§ **Prompt**:
Every line of the entries with the word "wallpaper" in it should be shown.

§ **Dataset**:
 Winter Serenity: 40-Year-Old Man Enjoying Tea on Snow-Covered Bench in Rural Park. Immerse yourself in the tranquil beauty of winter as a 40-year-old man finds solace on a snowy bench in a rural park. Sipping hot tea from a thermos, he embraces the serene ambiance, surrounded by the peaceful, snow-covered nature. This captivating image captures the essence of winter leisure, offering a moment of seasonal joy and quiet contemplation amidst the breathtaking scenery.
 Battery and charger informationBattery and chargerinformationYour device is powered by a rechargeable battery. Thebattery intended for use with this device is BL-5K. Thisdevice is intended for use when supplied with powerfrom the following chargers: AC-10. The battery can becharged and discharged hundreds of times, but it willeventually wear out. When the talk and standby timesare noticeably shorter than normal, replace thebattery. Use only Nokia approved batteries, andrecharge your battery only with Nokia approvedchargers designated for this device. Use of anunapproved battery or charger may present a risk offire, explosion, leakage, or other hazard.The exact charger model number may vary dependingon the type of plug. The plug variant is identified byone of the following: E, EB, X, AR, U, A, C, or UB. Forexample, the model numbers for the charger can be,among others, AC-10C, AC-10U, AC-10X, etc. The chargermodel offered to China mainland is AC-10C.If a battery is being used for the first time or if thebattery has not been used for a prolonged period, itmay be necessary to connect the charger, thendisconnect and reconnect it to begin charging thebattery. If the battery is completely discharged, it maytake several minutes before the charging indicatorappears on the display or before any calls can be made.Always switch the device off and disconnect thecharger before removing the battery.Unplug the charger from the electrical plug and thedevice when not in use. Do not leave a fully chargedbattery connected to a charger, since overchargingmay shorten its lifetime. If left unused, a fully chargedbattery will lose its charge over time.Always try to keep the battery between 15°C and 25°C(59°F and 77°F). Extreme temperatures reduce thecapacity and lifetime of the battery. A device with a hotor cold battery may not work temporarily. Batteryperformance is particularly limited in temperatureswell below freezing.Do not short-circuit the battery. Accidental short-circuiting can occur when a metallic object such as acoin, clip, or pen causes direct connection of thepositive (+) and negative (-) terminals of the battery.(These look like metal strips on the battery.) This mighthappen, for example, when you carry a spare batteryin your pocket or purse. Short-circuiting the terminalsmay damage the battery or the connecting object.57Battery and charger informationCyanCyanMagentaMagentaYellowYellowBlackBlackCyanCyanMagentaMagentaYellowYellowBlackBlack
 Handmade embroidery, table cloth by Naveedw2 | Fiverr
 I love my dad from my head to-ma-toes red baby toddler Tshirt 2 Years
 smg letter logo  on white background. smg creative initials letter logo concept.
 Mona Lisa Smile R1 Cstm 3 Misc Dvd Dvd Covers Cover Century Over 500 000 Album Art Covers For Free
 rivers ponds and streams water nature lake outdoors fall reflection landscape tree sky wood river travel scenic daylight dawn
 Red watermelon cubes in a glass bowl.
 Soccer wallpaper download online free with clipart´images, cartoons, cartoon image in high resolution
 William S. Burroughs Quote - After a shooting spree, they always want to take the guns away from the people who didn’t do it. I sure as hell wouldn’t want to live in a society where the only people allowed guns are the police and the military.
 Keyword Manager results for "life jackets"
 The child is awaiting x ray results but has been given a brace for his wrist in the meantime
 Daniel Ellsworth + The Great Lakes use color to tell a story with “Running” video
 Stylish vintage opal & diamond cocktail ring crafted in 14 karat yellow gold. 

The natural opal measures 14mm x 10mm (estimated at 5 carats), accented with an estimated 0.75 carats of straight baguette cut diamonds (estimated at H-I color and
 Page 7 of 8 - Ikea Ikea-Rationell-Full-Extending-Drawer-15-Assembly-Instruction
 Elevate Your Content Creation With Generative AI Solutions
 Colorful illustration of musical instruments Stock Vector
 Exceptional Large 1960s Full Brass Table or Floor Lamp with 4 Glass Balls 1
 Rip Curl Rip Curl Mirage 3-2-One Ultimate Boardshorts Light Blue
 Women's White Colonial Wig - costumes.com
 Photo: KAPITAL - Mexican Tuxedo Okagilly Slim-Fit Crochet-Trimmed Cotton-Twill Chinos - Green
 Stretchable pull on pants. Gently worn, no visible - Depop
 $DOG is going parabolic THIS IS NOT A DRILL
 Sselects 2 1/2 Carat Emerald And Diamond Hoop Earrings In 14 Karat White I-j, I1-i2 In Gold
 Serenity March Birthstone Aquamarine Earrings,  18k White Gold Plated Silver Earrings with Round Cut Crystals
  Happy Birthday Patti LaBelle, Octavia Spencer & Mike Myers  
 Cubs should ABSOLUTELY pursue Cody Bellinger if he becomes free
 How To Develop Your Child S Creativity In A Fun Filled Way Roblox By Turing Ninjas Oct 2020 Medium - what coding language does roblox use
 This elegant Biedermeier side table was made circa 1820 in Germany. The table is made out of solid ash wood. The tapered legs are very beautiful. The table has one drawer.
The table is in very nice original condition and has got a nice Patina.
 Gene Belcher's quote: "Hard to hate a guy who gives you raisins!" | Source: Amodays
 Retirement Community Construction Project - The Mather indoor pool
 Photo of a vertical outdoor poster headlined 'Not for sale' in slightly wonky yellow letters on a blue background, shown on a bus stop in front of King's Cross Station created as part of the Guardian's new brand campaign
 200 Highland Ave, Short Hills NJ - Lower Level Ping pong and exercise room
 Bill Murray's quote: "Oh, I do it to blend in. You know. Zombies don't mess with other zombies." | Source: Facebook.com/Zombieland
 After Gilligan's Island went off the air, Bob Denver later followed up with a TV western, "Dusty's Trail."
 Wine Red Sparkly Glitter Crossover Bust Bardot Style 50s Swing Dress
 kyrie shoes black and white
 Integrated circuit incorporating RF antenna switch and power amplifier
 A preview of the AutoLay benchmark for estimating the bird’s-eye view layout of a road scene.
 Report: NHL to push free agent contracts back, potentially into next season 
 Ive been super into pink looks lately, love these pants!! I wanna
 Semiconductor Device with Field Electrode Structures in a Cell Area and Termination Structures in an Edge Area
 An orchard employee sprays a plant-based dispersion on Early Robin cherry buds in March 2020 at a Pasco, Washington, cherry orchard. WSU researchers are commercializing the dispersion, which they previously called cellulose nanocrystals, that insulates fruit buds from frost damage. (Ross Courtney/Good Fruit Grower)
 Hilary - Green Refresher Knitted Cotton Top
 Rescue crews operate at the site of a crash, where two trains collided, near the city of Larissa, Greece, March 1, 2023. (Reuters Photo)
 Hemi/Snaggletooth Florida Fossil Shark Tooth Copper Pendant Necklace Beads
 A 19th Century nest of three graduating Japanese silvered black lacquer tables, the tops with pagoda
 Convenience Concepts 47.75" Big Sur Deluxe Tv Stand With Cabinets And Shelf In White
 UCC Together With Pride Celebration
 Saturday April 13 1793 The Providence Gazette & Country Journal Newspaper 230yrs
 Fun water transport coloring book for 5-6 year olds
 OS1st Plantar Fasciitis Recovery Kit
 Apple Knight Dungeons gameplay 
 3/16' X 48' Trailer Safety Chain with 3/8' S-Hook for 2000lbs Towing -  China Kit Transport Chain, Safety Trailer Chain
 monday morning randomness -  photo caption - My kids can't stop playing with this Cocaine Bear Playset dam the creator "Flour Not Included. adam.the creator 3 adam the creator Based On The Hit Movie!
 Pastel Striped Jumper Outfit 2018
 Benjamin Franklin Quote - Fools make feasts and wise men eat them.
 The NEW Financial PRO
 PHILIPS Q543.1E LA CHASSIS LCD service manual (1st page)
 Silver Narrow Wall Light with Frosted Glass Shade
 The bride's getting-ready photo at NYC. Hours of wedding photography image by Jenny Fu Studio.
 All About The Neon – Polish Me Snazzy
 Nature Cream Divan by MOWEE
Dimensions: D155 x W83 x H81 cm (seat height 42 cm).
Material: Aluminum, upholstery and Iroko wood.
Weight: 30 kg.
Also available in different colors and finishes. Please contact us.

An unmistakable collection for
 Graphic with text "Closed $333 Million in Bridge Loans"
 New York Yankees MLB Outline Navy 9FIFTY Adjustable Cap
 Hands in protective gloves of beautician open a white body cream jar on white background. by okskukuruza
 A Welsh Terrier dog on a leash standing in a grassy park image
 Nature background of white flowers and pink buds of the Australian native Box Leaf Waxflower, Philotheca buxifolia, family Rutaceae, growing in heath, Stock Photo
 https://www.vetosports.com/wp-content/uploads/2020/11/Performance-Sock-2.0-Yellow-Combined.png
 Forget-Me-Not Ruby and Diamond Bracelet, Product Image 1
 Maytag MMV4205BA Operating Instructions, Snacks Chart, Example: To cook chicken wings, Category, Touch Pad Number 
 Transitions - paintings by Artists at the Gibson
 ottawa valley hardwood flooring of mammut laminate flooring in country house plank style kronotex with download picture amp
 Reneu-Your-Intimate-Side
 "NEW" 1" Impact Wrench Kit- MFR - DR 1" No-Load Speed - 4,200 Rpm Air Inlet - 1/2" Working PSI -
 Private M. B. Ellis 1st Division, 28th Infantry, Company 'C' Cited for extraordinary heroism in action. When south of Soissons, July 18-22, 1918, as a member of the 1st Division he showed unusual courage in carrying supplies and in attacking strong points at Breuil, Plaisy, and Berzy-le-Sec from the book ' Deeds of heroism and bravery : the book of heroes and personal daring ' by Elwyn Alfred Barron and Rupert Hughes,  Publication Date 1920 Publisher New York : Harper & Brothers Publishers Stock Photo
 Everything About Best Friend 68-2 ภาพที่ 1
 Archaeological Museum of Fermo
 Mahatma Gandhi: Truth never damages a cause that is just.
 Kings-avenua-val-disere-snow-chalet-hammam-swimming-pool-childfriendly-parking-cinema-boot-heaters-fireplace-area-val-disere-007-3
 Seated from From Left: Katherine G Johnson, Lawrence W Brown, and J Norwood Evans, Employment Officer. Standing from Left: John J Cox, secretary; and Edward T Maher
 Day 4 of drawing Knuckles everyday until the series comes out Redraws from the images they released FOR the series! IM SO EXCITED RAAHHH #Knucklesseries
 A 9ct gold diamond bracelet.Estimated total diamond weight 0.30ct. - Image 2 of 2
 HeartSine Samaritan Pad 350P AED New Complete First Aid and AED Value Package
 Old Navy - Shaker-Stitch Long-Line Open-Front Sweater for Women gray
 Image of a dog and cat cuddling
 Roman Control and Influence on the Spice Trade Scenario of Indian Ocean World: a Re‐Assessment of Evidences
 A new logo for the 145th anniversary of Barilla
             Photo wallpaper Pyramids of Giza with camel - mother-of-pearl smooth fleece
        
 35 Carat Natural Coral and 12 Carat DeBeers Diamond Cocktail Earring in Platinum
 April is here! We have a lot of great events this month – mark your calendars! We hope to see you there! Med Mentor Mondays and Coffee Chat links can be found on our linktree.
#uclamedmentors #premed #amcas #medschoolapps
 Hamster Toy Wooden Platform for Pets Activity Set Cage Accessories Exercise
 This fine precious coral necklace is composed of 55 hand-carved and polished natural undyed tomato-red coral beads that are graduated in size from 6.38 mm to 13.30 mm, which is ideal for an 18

§ **Task result**:
 Soccer wallpaper download online free with clipart´images, cartoons, cartoon image in high resolution
             Photo wallpaper Pyramids of Giza with camel - mother-of-pearl smooth fleece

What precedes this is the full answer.